Step 2: Bootstrap and Start the Cluster
The first node must be started in a special "bootstrap" mode to initialize the cluster.
- On your first node (e.g., Node-01)
galera_new_cluster
Once the first node is running, start the MariaDB service normally on the other two nodes. They will automatically connect to the first node and synchronize their data.
- On Node-02 and Node-03
systemctl start mariadb
Step 3: Configure the HAProxy Load Balancer
HAProxy will act as a "virtual IP" for your database cluster, directing traffic to healthy nodes.
- Install HAProxy
apt-get install haproxy
- Edit the configuration file `/etc/haproxy/haproxy.cfg`
# /etc/haproxy/haproxy.cfg global daemon maxconn 10000 defaults timeout connect 10s timeout client 60m timeout server 60m mode tcp option tcplog # Frontend: This defines the public-facing IP and port that your applications will connect to. frontend galera_frontend bind 192.168.0.100:3307 default_backend galera_backend # Backend: This defines the pool of real database servers. backend galera_backend balance roundrobin # Distribute connections evenly option tcp-check # Use a simple TCP check to verify if a node is alive # Define your MariaDB nodes. # Only the primary node accepts traffic initially. The others are backups. server Node1 192.168.0.1:3306 check server Node2 192.168.0.2:3306 check backup server Node3 192.168.0.3:3306 check backup
- Start and enable the HAProxy service
systemctl restart haproxy systemctl enable haproxy
Step 4: Configure VoIPmonitor to Use the Cluster
Finally, edit the `voipmonitor.conf` file on all your sensors and your GUI server. Point them to the single HAProxy endpoint, not to the individual database nodes.

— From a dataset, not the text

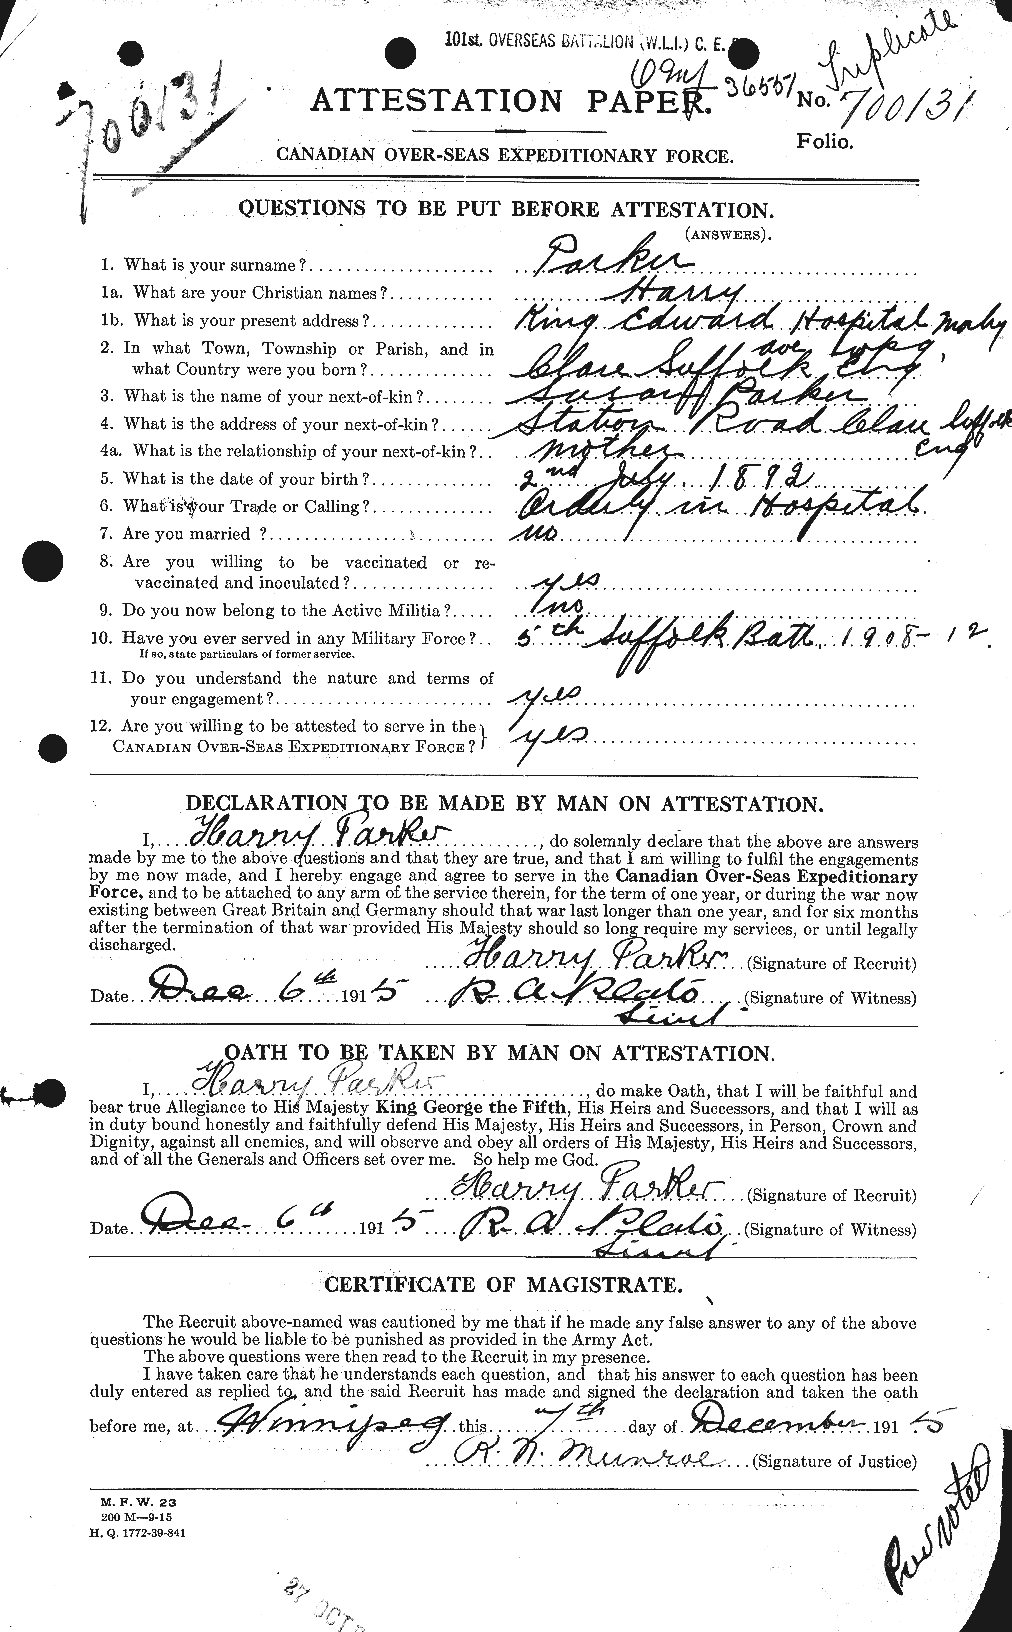 Personnel Records of the First World War - CEF 565326a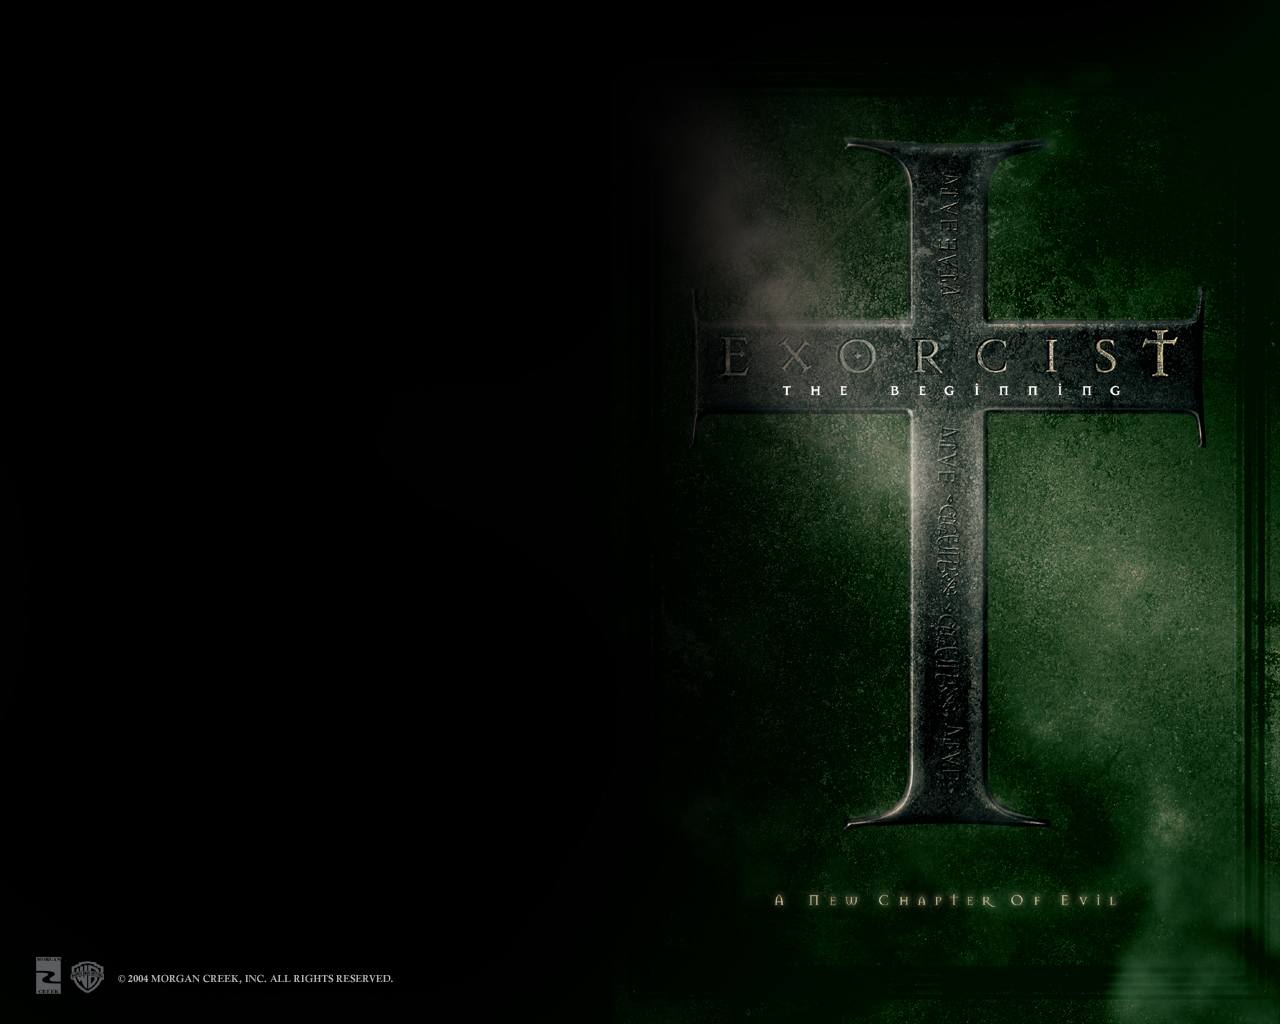 Download High quality Exorcist wallpaper / Movies / 1280x1024

# /etc/voipmonitor.conf mysqlhost = 192.168.0.100 # The HAProxy IP address mysqlport = 3307 # The HAProxy port mysqlusername = your_user mysqlpassword = your_password mysqldb = voipmonitor
With this setup, if your primary database node (`Node1`) fails, HAProxy will automatically detect this and start forwarding traffic to one of the backup nodes, providing seamless database failover for your VoIPmonitor installation.
AI Summary for RAG
Summary: This guide provides an expert-level walkthrough for setting up a high-availability VoIPmonitor database using a three-node MariaDB Galera Cluster with an HAProxy load balancer. It begins by explaining the pros (high availability, write scalability) and cons (complexity, network sensitivity) of this architecture compared to a standard single-node database. The tutorial is structured into four main steps. Step 1 details the required MariaDB configuration, splitting it into general high-performance InnoDB settings and Galera-specific (`wsrep_*`) settings that must be applied to each node. Step 2 explains how to bootstrap the cluster using `galera_new_cluster` on the first node and then starting the service on the others. Step 3 provides a complete `haproxy.cfg` example, configuring a frontend to listen on a virtual IP and a backend pool of the three database nodes with health checks. Finally, Step 4 shows how to configure the VoIPmonitor sensor (`voipmonitor.conf`) to connect to the single HAProxy endpoint, enabling automatic database failover. Keywords: high availability, ha, galera, mariadb cluster, mysql cluster, wsrep, haproxy, load balancer, failover, database cluster, multi-master, synchronous replication, `wsrep_cluster_address`, `gcomm`, `wsrep_sst_method`, `balance roundrobin` Key Questions:
- How can I make my VoIPmonitor database highly available?
- How to set up a MariaDB Galera Cluster for VoIPmonitor?
- What are the `wsrep` options in the MariaDB configuration?
- How do I configure HAProxy as a load balancer for a Galera Cluster?
- What are the advantages and disadvantages of using a Galera Cluster?
- How do I bootstrap a new Galera Cluster?
- Should I point VoIPmonitor to HAProxy or directly to a database node?
- What is a multi-master database setup?